Counterargument summary: Critics will argue the rooms of upside are already priced in after the rally and that GLP-1 demand/price risk remains. That is fair. This trade treats the Novo resolution as a de-risking event that materially increases the probability of hitting a re-rating; if the next quarterly cadence shows renewed top-line momentum, the reward/risk looks attractive. If it doesn’t, the stop limits losses.
Catalyst timeline and what I’ll be watching
In the coming weeks (the 45-trading-day horizon of this trade) I’ll watch three things closely: (1) early evidence of GLP-1 prescription fulfillment on HIMS’ platform, (2) any updated guidance or commentary from management about cadence toward $2.8B, and (3) short interest/short-volume trends. A sustained pick-up in orders or an operational update that quantifies GLP-1 contribution would likely push price toward the target. Conversely, a guidance cut or fresh legal/regulatory noise would invalidate the thesis.

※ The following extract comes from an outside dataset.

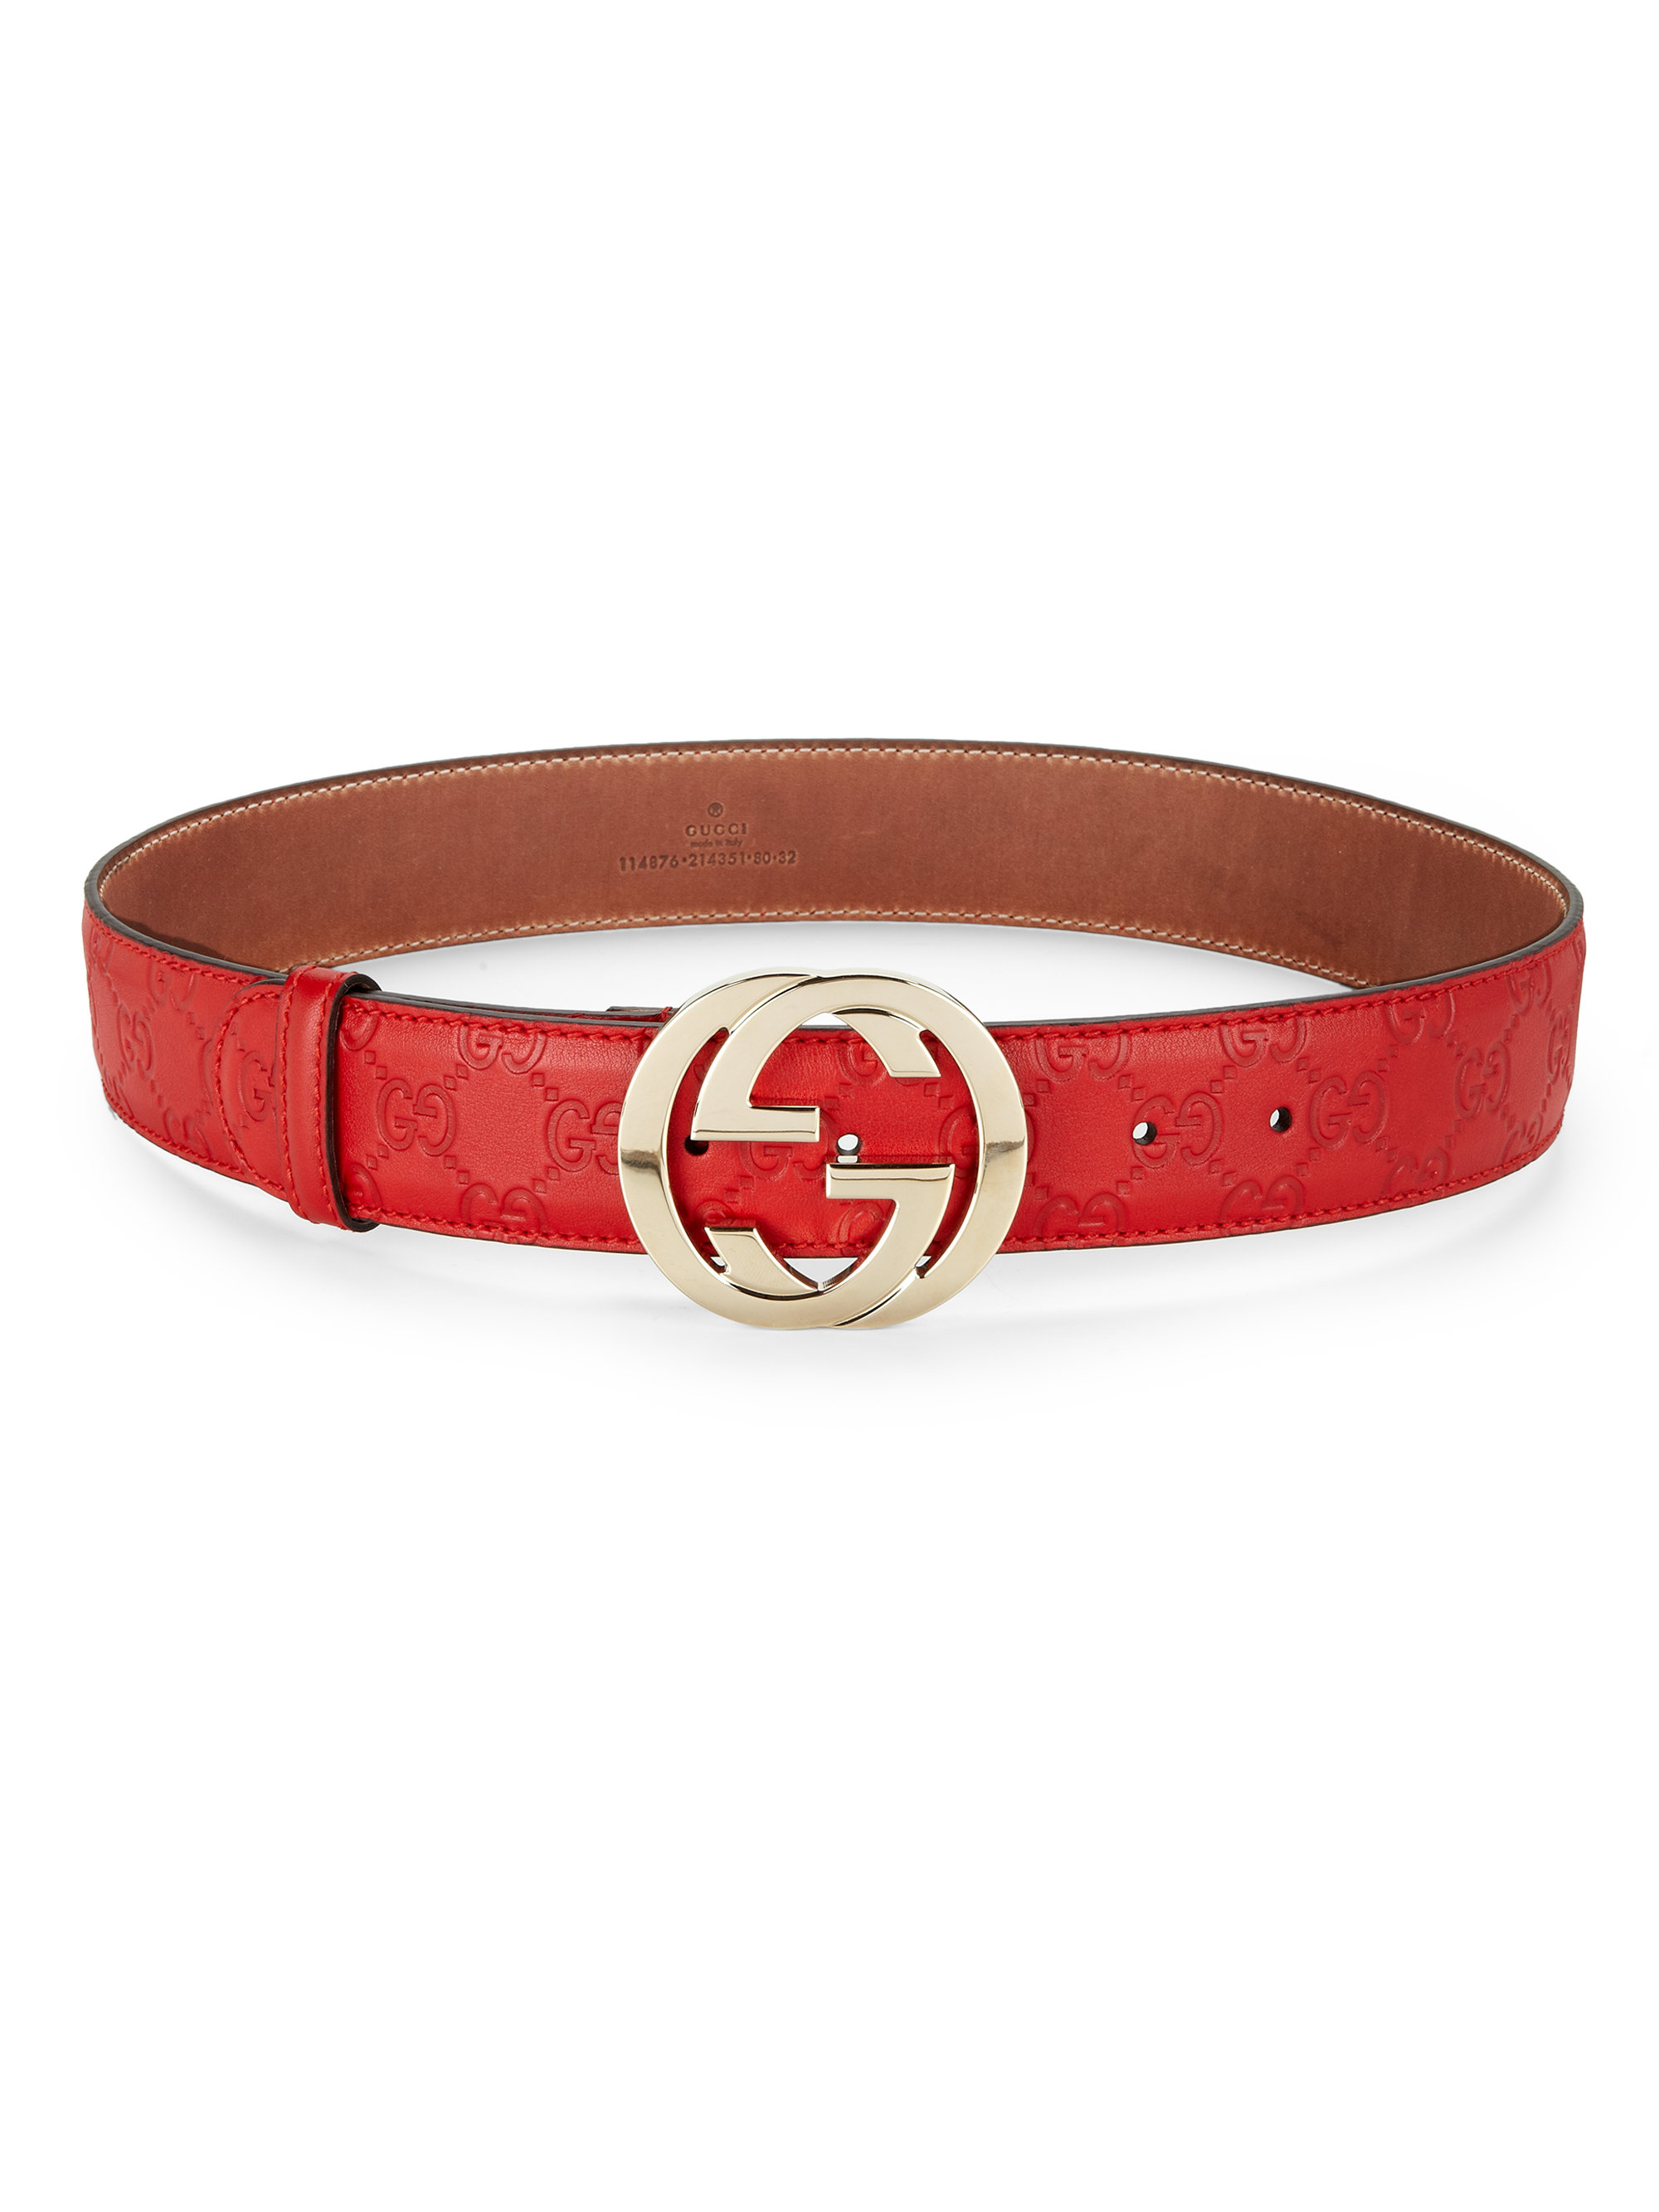 Lyst - Gucci Interlocking G Buckle Leather Belt in Red

Conclusion - stance and what changes my mind
I am constructive on HIMS as a mid-term tactical long. The Novo Nordisk partnership materially changes the probability distribution: it removes a large legal overhang while restoring access to high-value products that can scale on HIMS’ platform. Entry at $26.50 with a $21 stop and a $40 target over ~45 trading days gives a disciplined, event-driven path to profit while protecting capital if the re-rating fails to materialize.

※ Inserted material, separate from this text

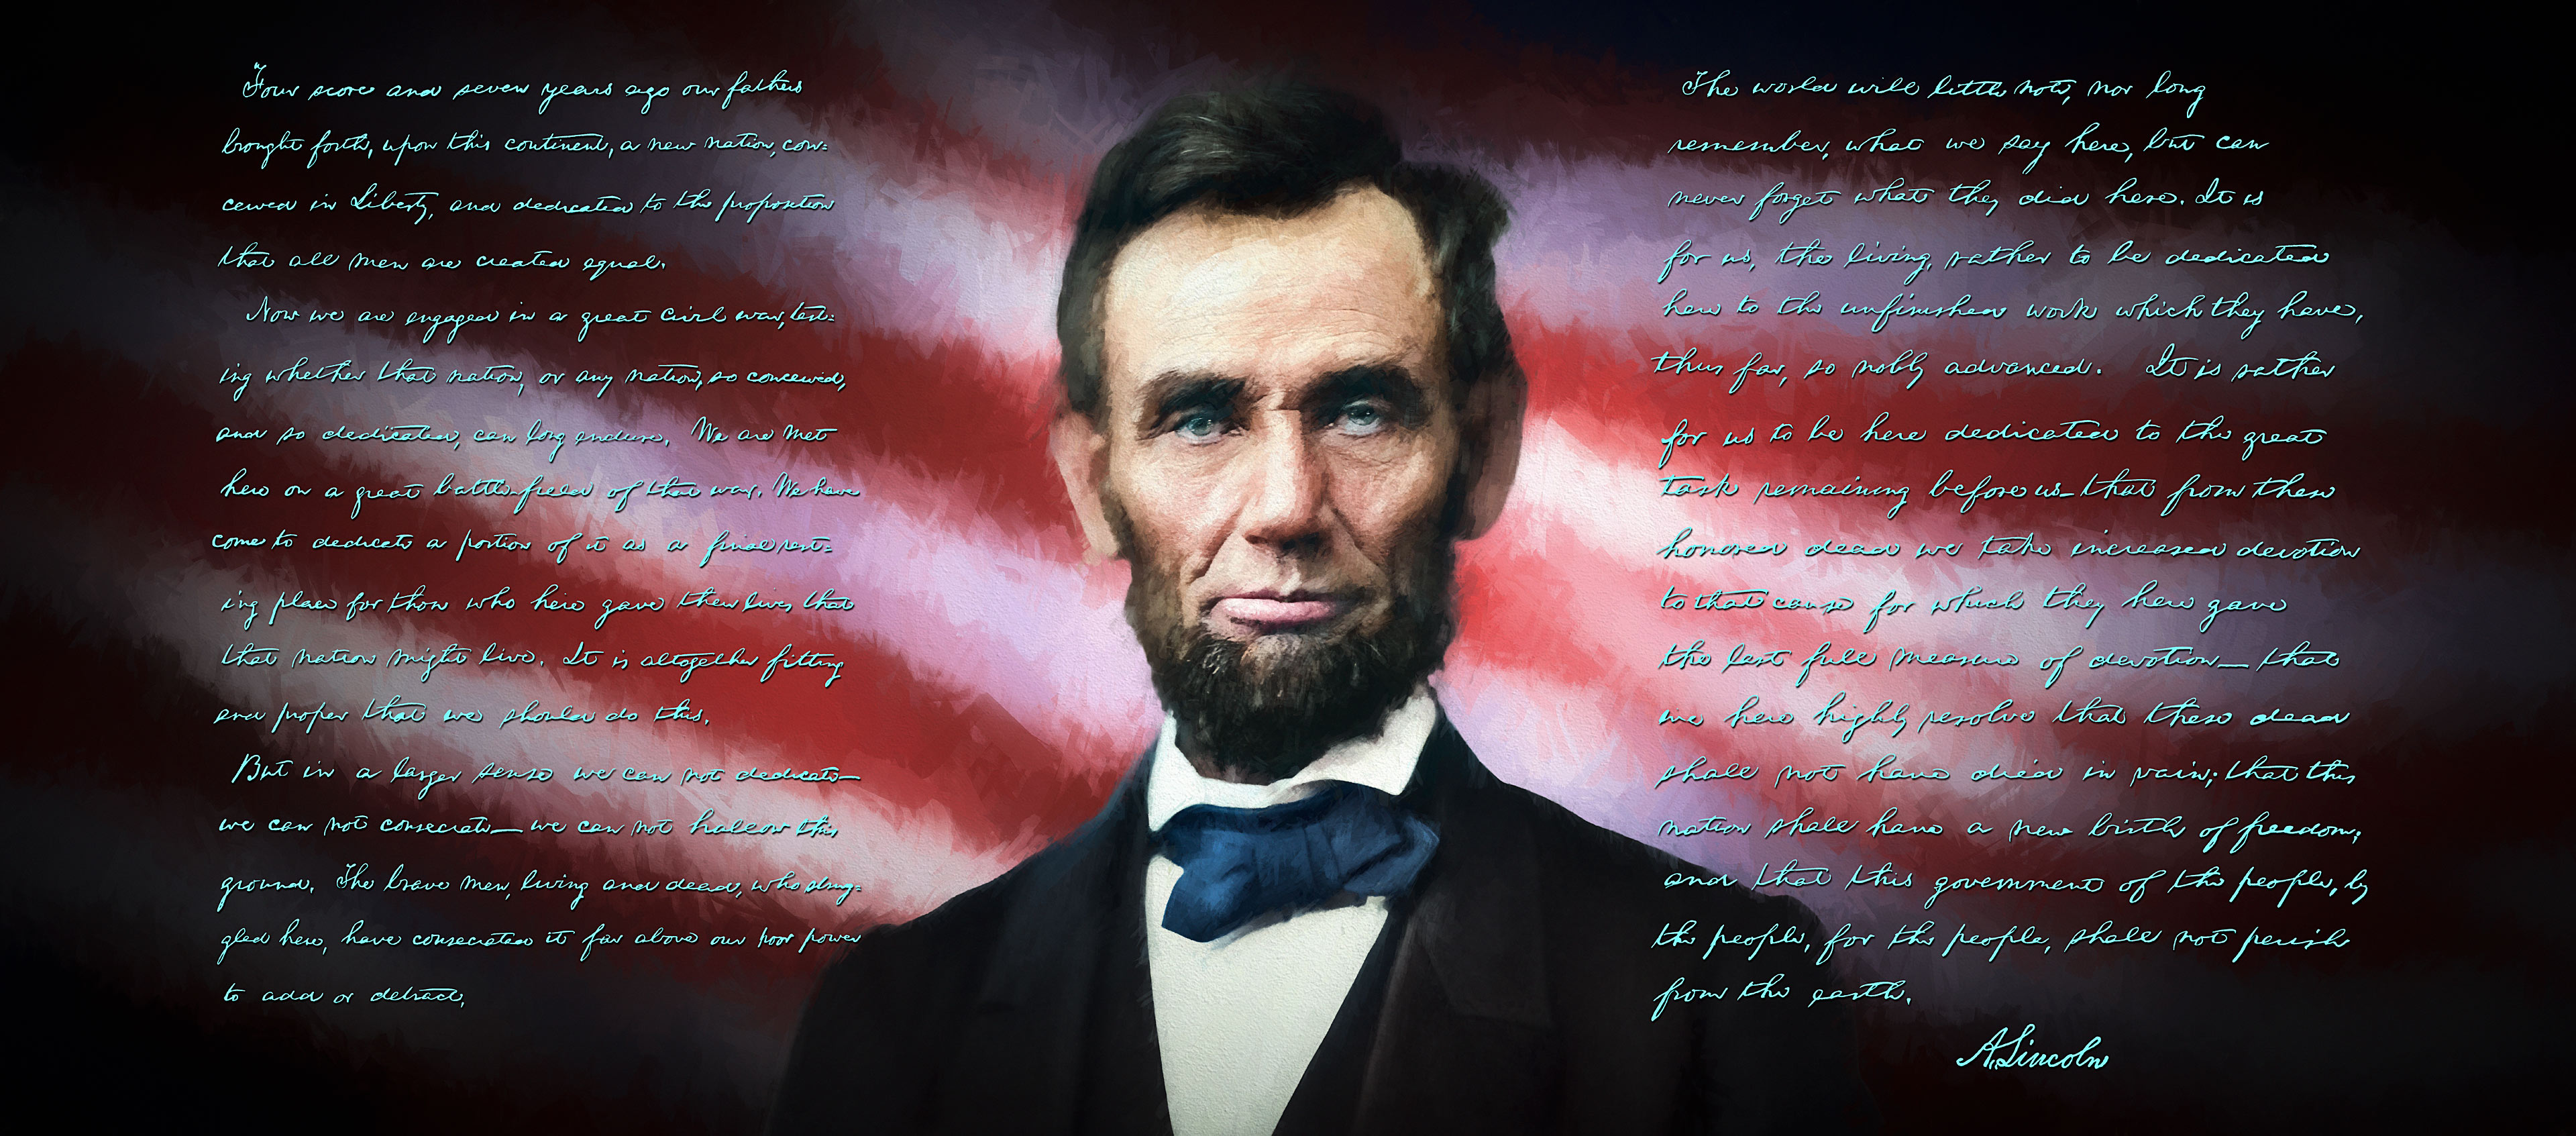 Gettysburg Address, Abraham Lincoln

I will change my view if any of the following happens: management issues guidance materially below the $2.8B plan; GLP-1 supply/pricing dynamics worsen materially and persist; or a new legal/regulatory event undermines prescription distribution. Until then, the Novo deal gives HIMS leverage—and this trade captures that leverage with risk controls.
Key trade details (recap)
- Entry: $26.50
- Stop: $21.00
- Target: $40.00
- Horizon: Mid term (45 trading days)
- Risk level: Medium
Note: Size this trade relative to portfolio volatility. HIMS is a high-beta, headline-sensitive name; treat it as an opportunistic, actively managed position rather than a passive core holding.